Tuvo clientes en Suecia y en Portugal. Para Louis Lindgrem, ingeniero de Fallum (Suecia), pintó muchas cosas en óleo sobre papel, por el año 1961. Entre 1973 y 1976 envió cuadros para Portugal, para una galería de arte en Valle del Lobo, Argentil. Pinta sin descanso para la casa Pueyo, de Sevilla, que adquiere toda su producción.

Imposible recordar sus innumerables obras. Traigamos a la memoria, al menos, los asuntos que salen de su paleta: bodegones, floreros, paisajes, retratos y estampas costumbristas, de ambiente rociero, sevillanas, fiestas, flamencos, gitanas, etc. No se ha prodigado en el tema religioso, aunque hizo unos intentos muy acertados de crear espacios y perspectivas inéditas en escenas del Evangelio -Ecce Homo en el pretorio, Entierro de Cristo, Asunción-, experimentando una veta que luego no continuó. Por encargos, ha copiado Inmaculadas y otras obras de Murillo, sin perder la personalidad de su pincelada. Con gran acierto ha realizado “retratos” de imágenes tan veneradas como Virgen del Rocío, la Virgen de las Mercedes, la Macarena, la Esperanza de Triana, el Gran Poder o el Cachorro. El retrato de personas (prefiero no enumerarlas) lo consigue admirablemente, otorgando frescura y vitalidad a sus modelos, de un parecido asombroso.

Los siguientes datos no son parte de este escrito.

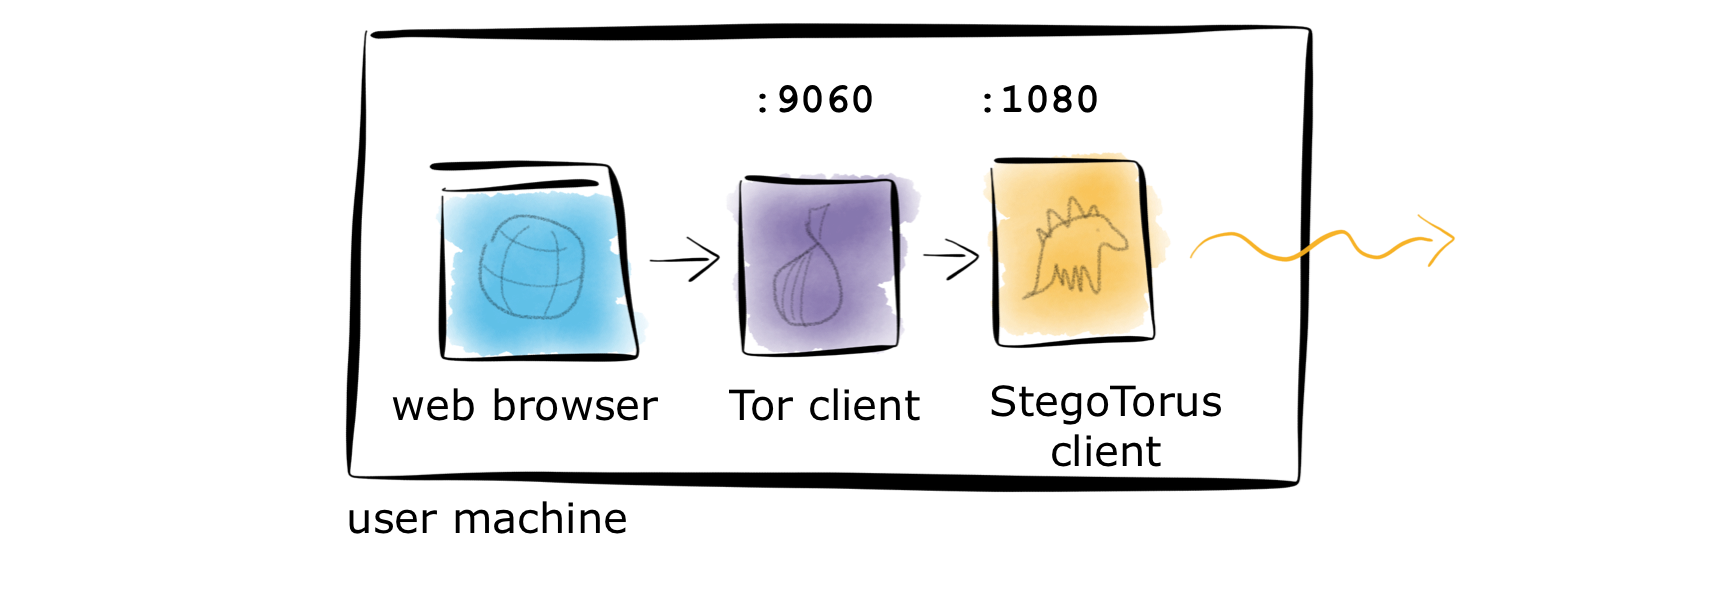 diagram to show StegoTorus client elements

No es un arte pretencioso ni en sus formas ni en su contenido. Es como una música de guitarra que no necesita letra. Su arte es el descubrimiento y la transmisión de la pura, bella y sencilla realidad, ennoblecida por el buen gusto, interpretada por una sensibilidad directa, ajena a planteamientos de escuela o de tendencias intelectuales. Lo más notable de su personal estilo es el dibujo, muy seguro, muy sólido, aunque después lo envuelva en brumas y desenfoques. Las figuras, con levísimas pinceladas, que no pasan de insinuaciones, quedan perfectamente delineadas y ubicadas en el espacio. Y, aunque parezca contradictorio, desdibuja continuamente con pincelada suelta, para crear un ambiente vaporoso, impresionista. Pienso, no obstante, que hunde más sus raíces en el mejor Murillo de su última época y en Goya que en los franceses de fines del XIX. No es muy colorista: se mueve con comodidad en una paleta cromática sobria y reducida, en la que predominan los blancos, sienas y ocres. Quizás por eso destacan más las manchas de color de los bodegones de frutas y flores. Los temas del Rocío supusieron para él un avance importante para la personalización de su estilo, refrescaron la paleta y dieron movimiento a su pintura.

Aunque no ha frecuentado los circuitos artísticos, cuenta en su haber con no pocas exposiciones, que enumero por encima, esperando poder completar la relación y concretar los años. En Bollullos del Condado ha presentado varias exposiciones, desde aquella primera del Círculo de Labradores en el año 48, hasta las más recientes: la de bodegones de uvas y frutas, de septiembre de 1994, o la antológica de este año 2002. En La Palma, en la Caja San Fernando. En Huelva y Gibraleón, en 1964, con Enrique Monís Mora. En Cáceres, dos exposiciones, en el Colegio Oficial de Médicos. En Sevilla, varias asistencias a las exposiciones de primavera del Pabellón Mudéjar, con opción al premio Murillo (1948), en el Ateneo (1963), en el Banco Occidental (1982/83), en el Círculo Mercantil. En Málaga (1973), en Madrid (1974/75).

La exposición antológica de septiembre de 2002 justifica sobradamente por qué Bollullos, dedicándole una calle, ha rendido un homenaje más que merecido a este pintor, que, desde la más absoluta sencillez, no ha pretendido otro honor que el que su obra guste al que la contempla.